Mostración Cadavérica 202 - Carpo y Mano

Introduction to Anatomy of the Hand

The video introduces the anatomy of the hand, focusing on bones and joints in the carpal and metacarpal regions.

Bones and Joints Overview

• The video covers the bones and joints of the carpal region, including the scaphoid, lunate, pyramidal, pisiform, trapezium, trapezoid, capitate, and hamate.

• Detailed description of bone locations in the hand preparation is provided: distal epiphysis of radius and ulna, lateral carpal bones, fifth metacarpal bone.

• Explanation of anatomical positions for understanding references like superior/inferior/medial/lateral in describing carpal bones.

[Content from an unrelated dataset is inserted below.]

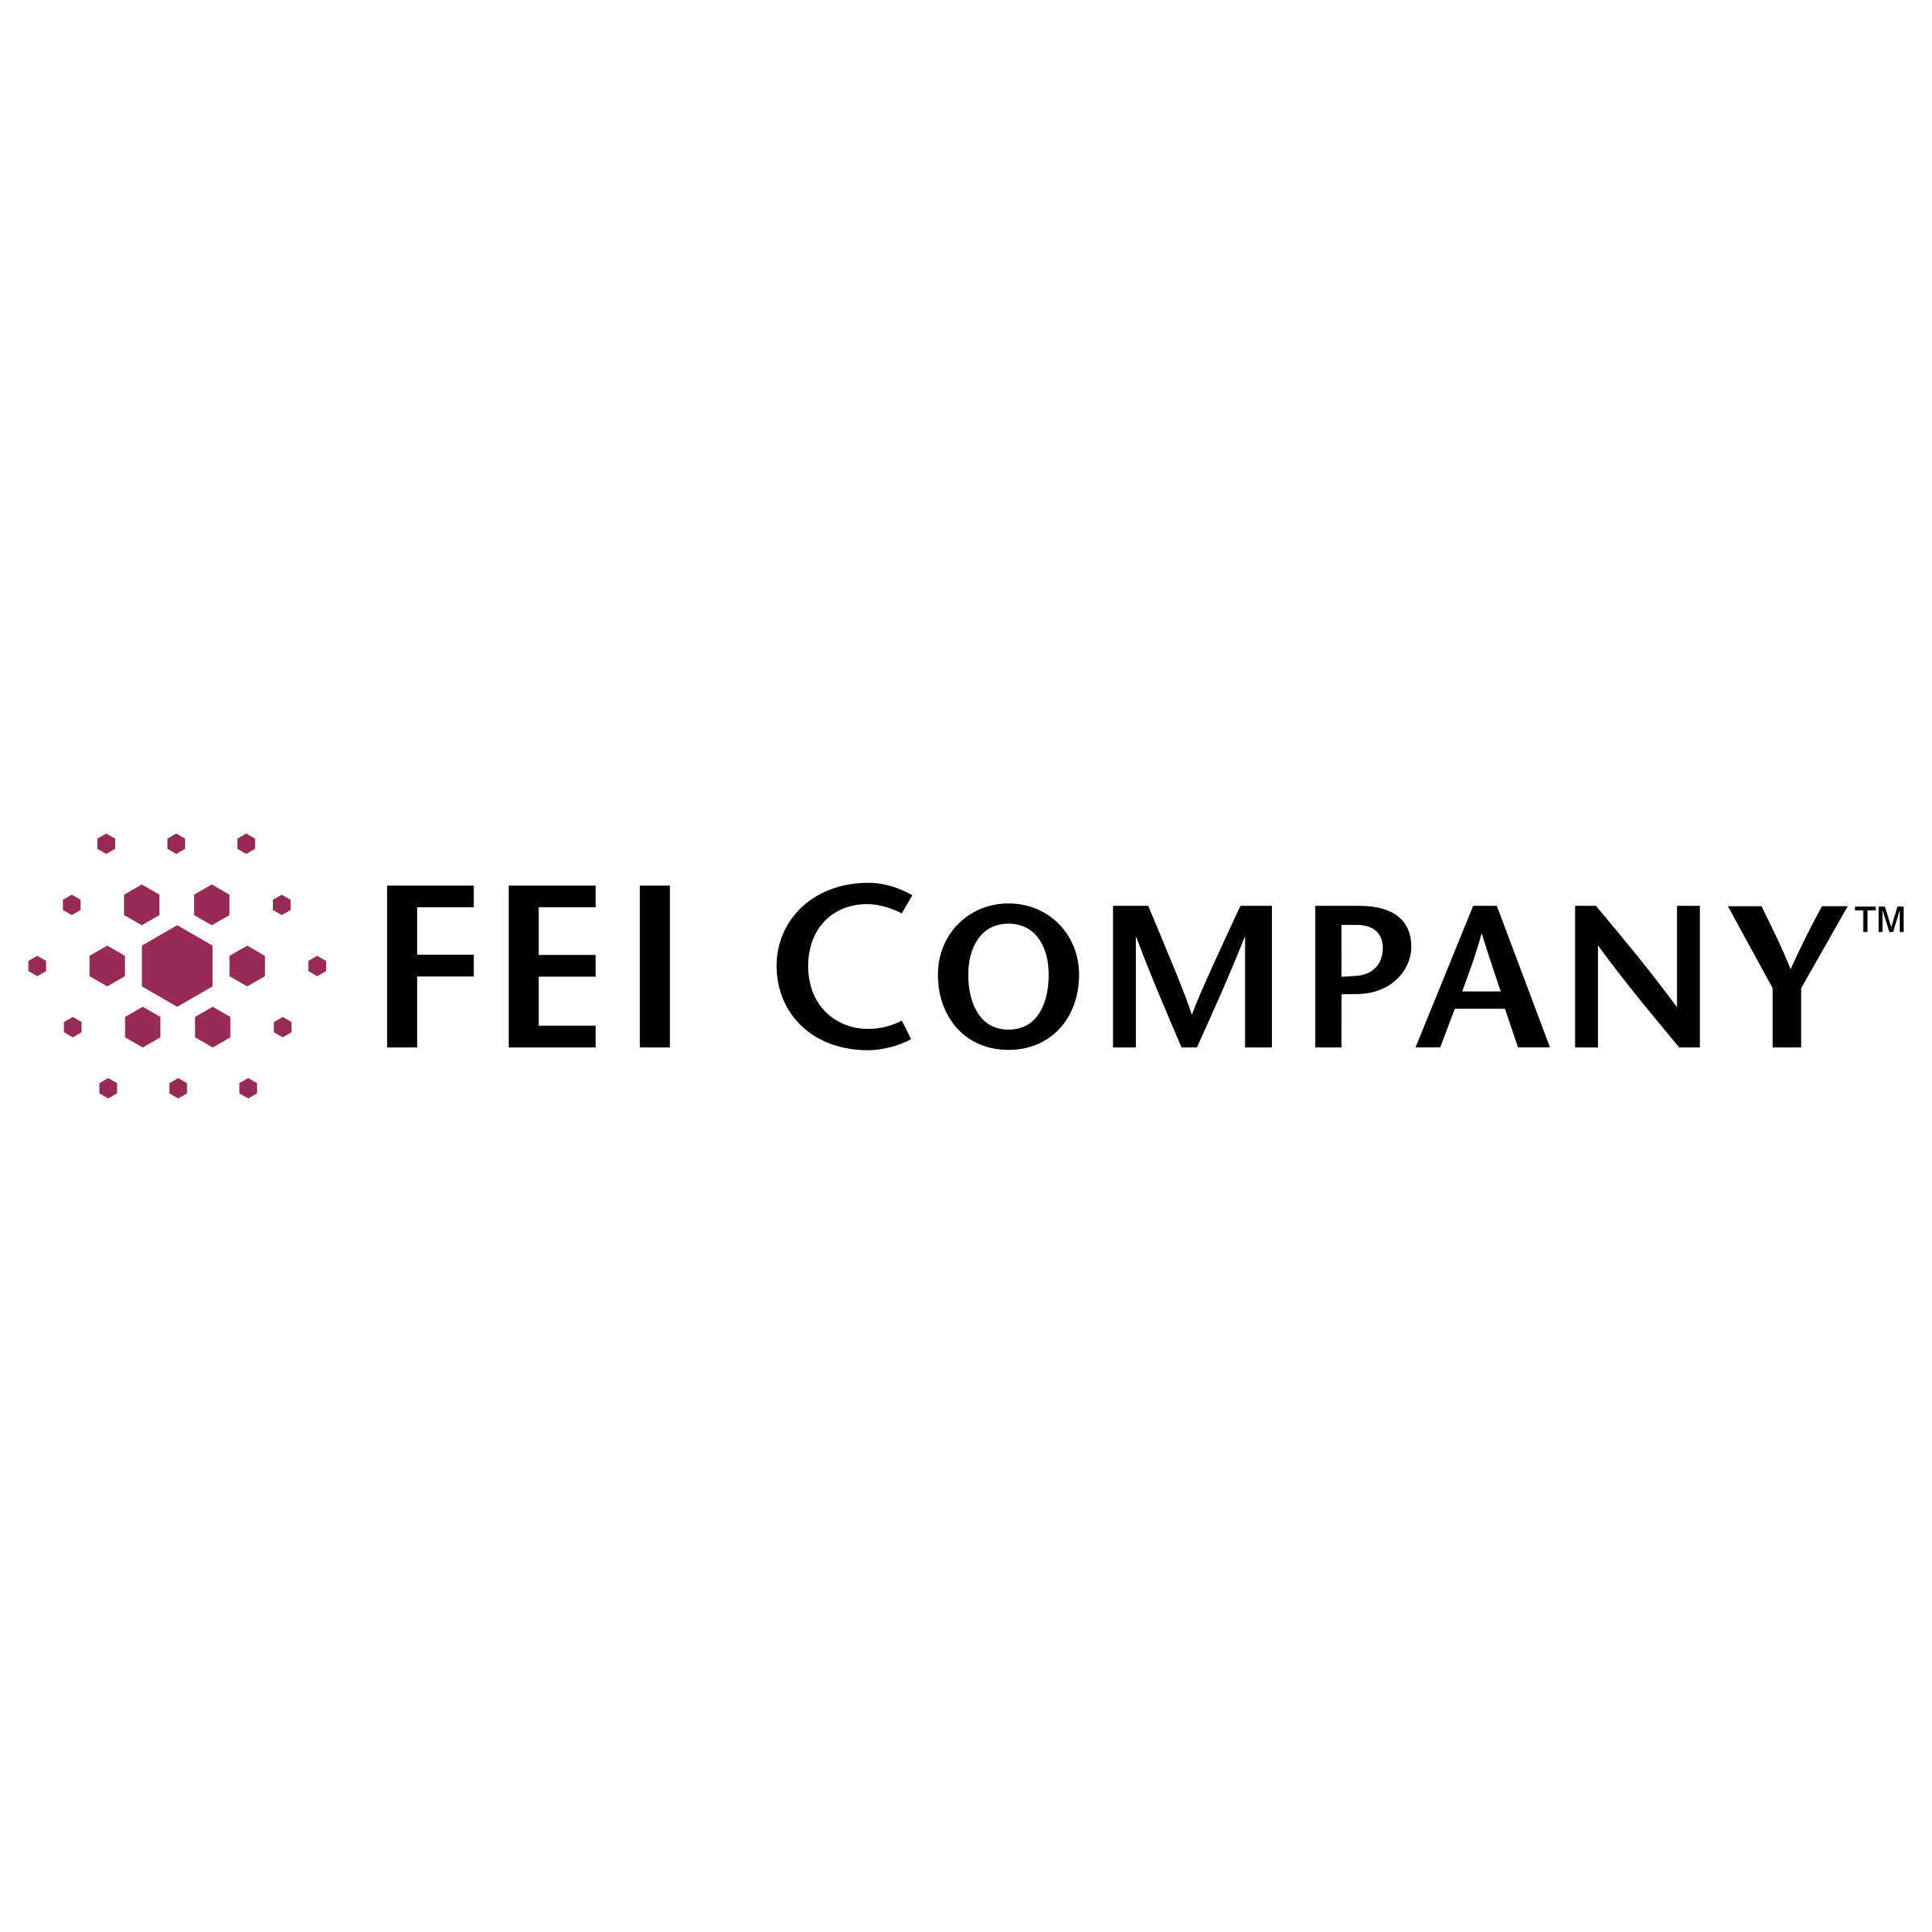 Fei Logo - FEI Company Logo PNG Transparent & SVG Vector - Freebie Supply
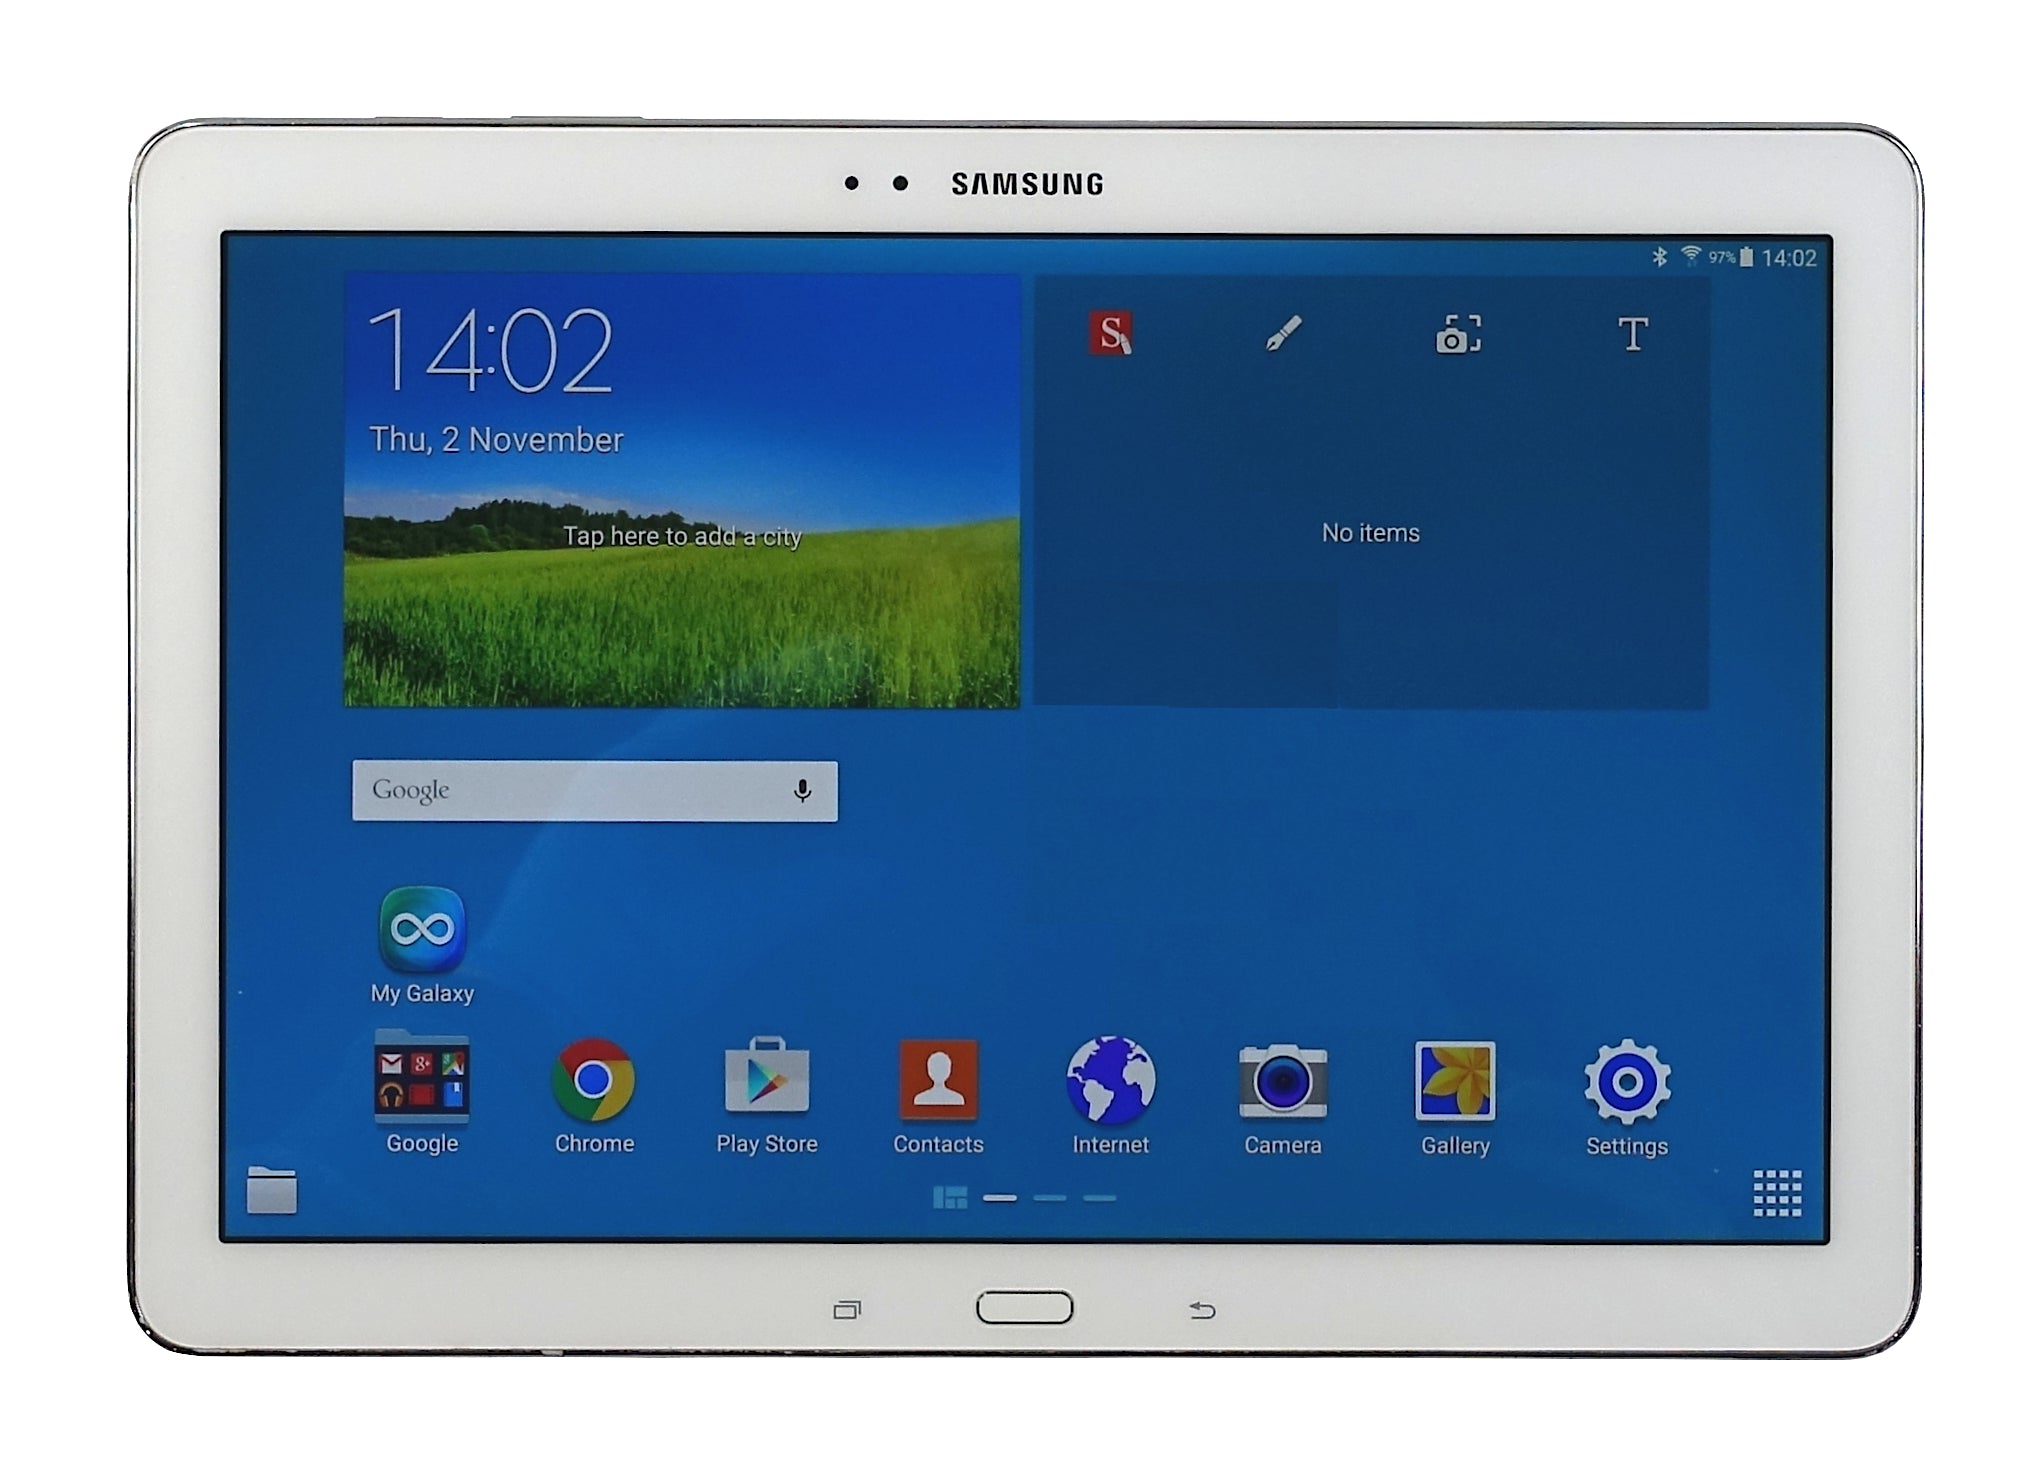 Samsung Galaxy Note Pro 12.2" Tablet, 32GB, WiFi, White, SM-P900

• Identification of carpal bones in two rows: proximal (scaphoid, lunate, triquetrum, pisiform) and distal (trapezium, trapezoid, capitate, hamate).

Bone Structure Details

• Discussion on short bones' characteristics: length-width-thickness dimensions; support function; non-articular prominences and articulating surfaces.

• Emphasis on non-articular prominences like tubercle of scaphoid; dorsal/palmar faces; first metacarpal articulation.

Anatomy Lecture Insights

In this section, the speaker discusses the anatomy of the carpal bones, focusing on their articulations and specific features.

Articulation of Carpal Bones

• The scaphoid, lunate, and triquetrum articulate to form the carpal joint.

• These bones contribute to the proximal convexity of the joint.

• The pisiform bone articulates solely with the pyramidal bone.

• This articulation occurs on the palmar side with the pyramidal bone's anterior face.

• Understanding these articulations is crucial due to gender-specific variations in joints.

• Gender differences impact joint characteristics.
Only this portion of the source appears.